On Mon, Nov 16, 2020 at 4:10 PM David Blaikie <dblaikie at gmail.com> wrote:

> On Mon, Nov 16, 2020 at 2:44 PM Mehdi AMINI <joker.eph at gmail.com> wrote:
> >
> >
> >
> > On Mon, Nov 16, 2020 at 2:12 PM David Blaikie <dblaikie at gmail.com>
> wrote:
> >>
> >> On Mon, Nov 16, 2020 at 1:55 PM Mehdi AMINI <joker.eph at gmail.com>
> wrote:
> >> > On Mon, Nov 16, 2020 at 12:55 PM David Blaikie <dblaikie at gmail.com>
> wrote:
> >> >>
> >> >> I will say I'm not a huge fan of adding even more names for things in
> >> >> this fairly core/common use case (now we'll have even more vector
> >> >> names to pick from) - can we use default template arguments so we can
> >> >> write SmallVector<T> instead of SmallVector<T, N> and would that
> >> >> address some of the use cases proposed here?
> >> >
> >> >
> >> > I won't claim it is perfect, but the added names are a compromise
> over rounds of reviews with the folks in the revision. In particular I'm
> quite concerned that a default value for N on the SmallVector does not
> carry the intent the same way, and is too easy to miss in review (or while
> reading code).
> >>
> >> I'm not quite following here - what sort of problems do you anticipate
> >> by readers missing the default value for N?
> >
> >
> > Reading code `SmallVector<SomeType>` does not express that it is
> *intentional* to leave of the value for N. It can easily be just forgotten,
> and it could easily be implicitly `0`, and as a reviewer (or code reader
> later) I don't know if this is was intentional or not. This is why I am
> quite opposed to "loosen" the current requirement on SmallVector: a
> different name for a different intent is better fitting to me.
>
> I don't know why it being implicitly zero is noteworthy - anymore than
> it being implicitly 1 or 3, etc.
>
> As for whether it's intentional: I think if we're moving in this
> direction that's proposed, the idea is that by default we don't want
> to be explicit about the N - so in general we won't be. And sometimes
> someone will want to be explicit and add an N, but otherwise the
> reasonable default is not to have an N. I think the intent is clear
> enough - consider other default template parameters like customized
> deleters on a unique_ptr: I don't wonder if someone intended to have a
> customized deleter on every unique_ptr, one assumes that wasn't
> required/intended unless it's added. It seems like the idea is for
> non-explicit N to be a safe/common default, and explicit N to be
> noteworthy/require some justification or scrutiny.
>

I get your point, but I don't share the conclusion here: I don't believe
that universally not specifying the N on non-trivial types is a good
default. It only makes sense to me for small types, hence it is error prone.



>
> >> >  To me the drawbacks are outweighing the benefits too much.
> >> > Also, `SmallVector<LargeType>` would end-up with N==0 implicitly,
> without an easy way to figure it out that there is no actual inline storage
> while reading the code.
> >>
> >> Why would it be necessary to figure that out? If we generally feel the
> >> right default inline storage happens to be zero in that case and that
> >> SmallVector will pick a good default (including possibly 0) that seems
> >> like a good thing to me. (why would we call out zero specially, if we
> >> want to avoid calling out other values explicitly)
> >
> >
> > I think this is an API that is "easy to misuse", I don't see any
> advantage to it while it has drawbacks: why would we do that?
>
> What kind of misuse do you have in mind?

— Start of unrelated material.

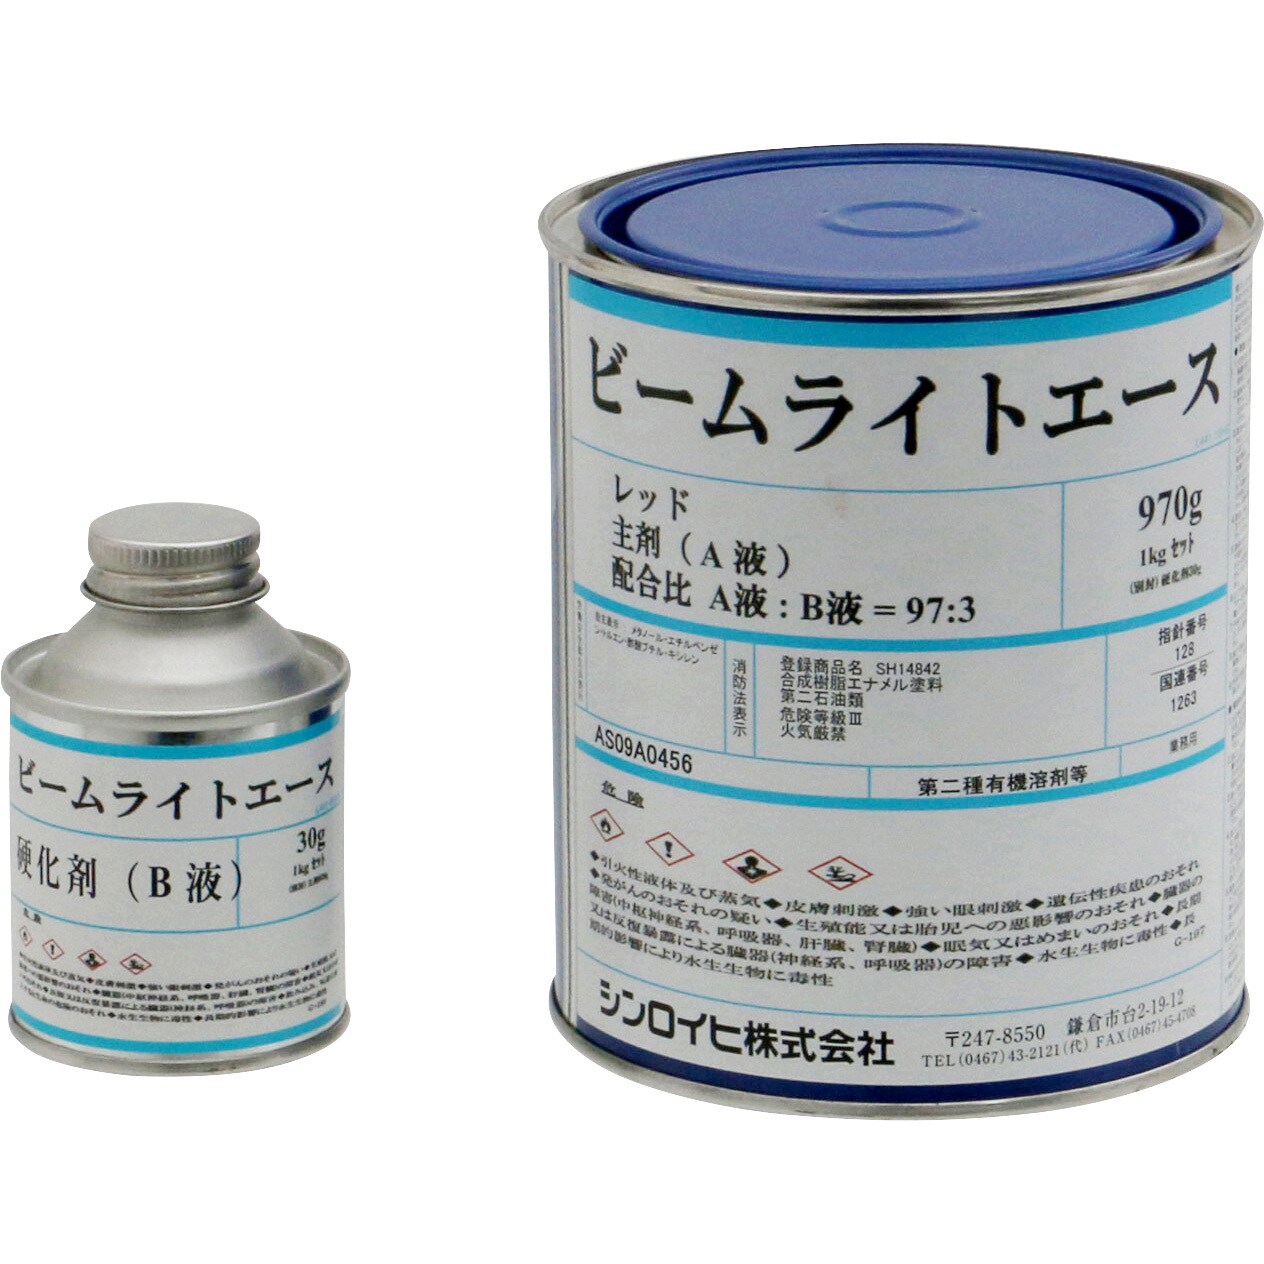 2001MH ビームライトエース 1缶(1kg) シンロイヒ 【通販サイトMonotaRO】

It does not convey the intent, it is too easy to misuse: i.e. you expect a
small storage but you don't have one. This is enough to me to outweigh the
benefits of the direction and prefer the status quo.

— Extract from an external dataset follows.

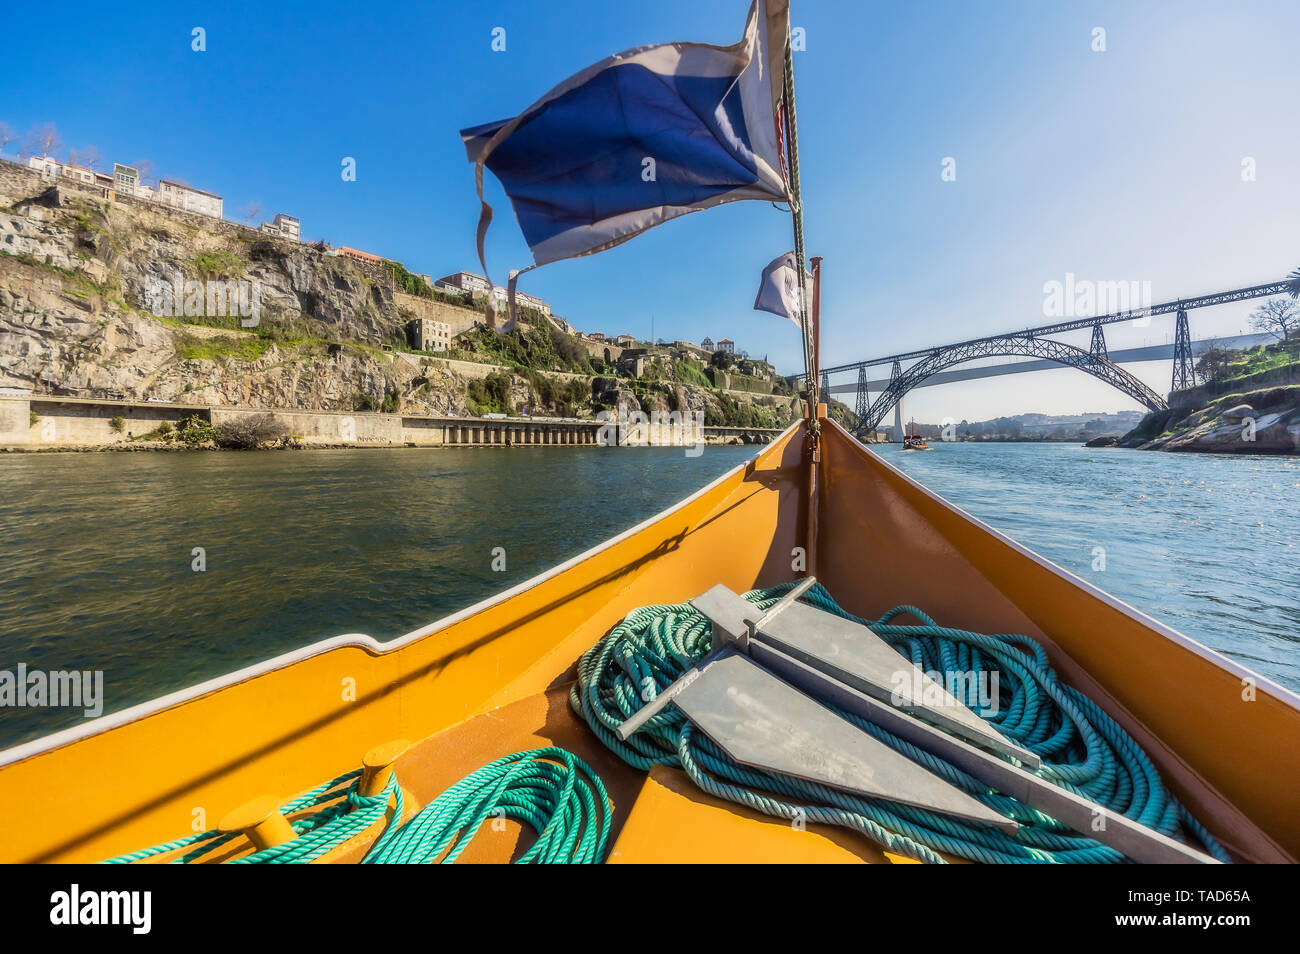 Portugal, Porto, Douro river, pleasure boat and Luiz I Bridge in the background Stock Photo

> To me it seems like it would
> be consistent with the idea that we have built rules about what good
> default inline sizes are - and there's no need for us to think about
> it on every use, we just let the default do what it's meant to do.
>
> >> > An alternative was to reserve the default to only "small object" so
> that N isn't zero, but there isn't a platform independent way of doing that
> and keep the code portable I believe. So `SVec<T>` is really saying: "I am
> willing to pay for some limite inline storage if possible but I don't have
> a N in mind".
> >>
> >> That quoted statement still sounds like it could encapsulate the
> >> possibility of 0 too, though. "limited inline storage if possible"
> >> could be "and the answer to that constraint is zero in this case - but
> >> if you happen to make the T smaller, it could become non-zero
> >> organically/without the need to touch this code" (as the N could vary
> >> organically between non-zero values as struct sizes change too)
> >
> > Yes the quoted statement says exactly that!
>
> Sorry, it seems we're jumbling up the two issues: Whether the type
> name should be different when asking for implicit default inline
> storage length and, separately, whether explicit zero length storage
> should use a different name. The discussion above, I thought, was
> about the latter, not the former - but your response seeems to be
> about the former rather than the latter.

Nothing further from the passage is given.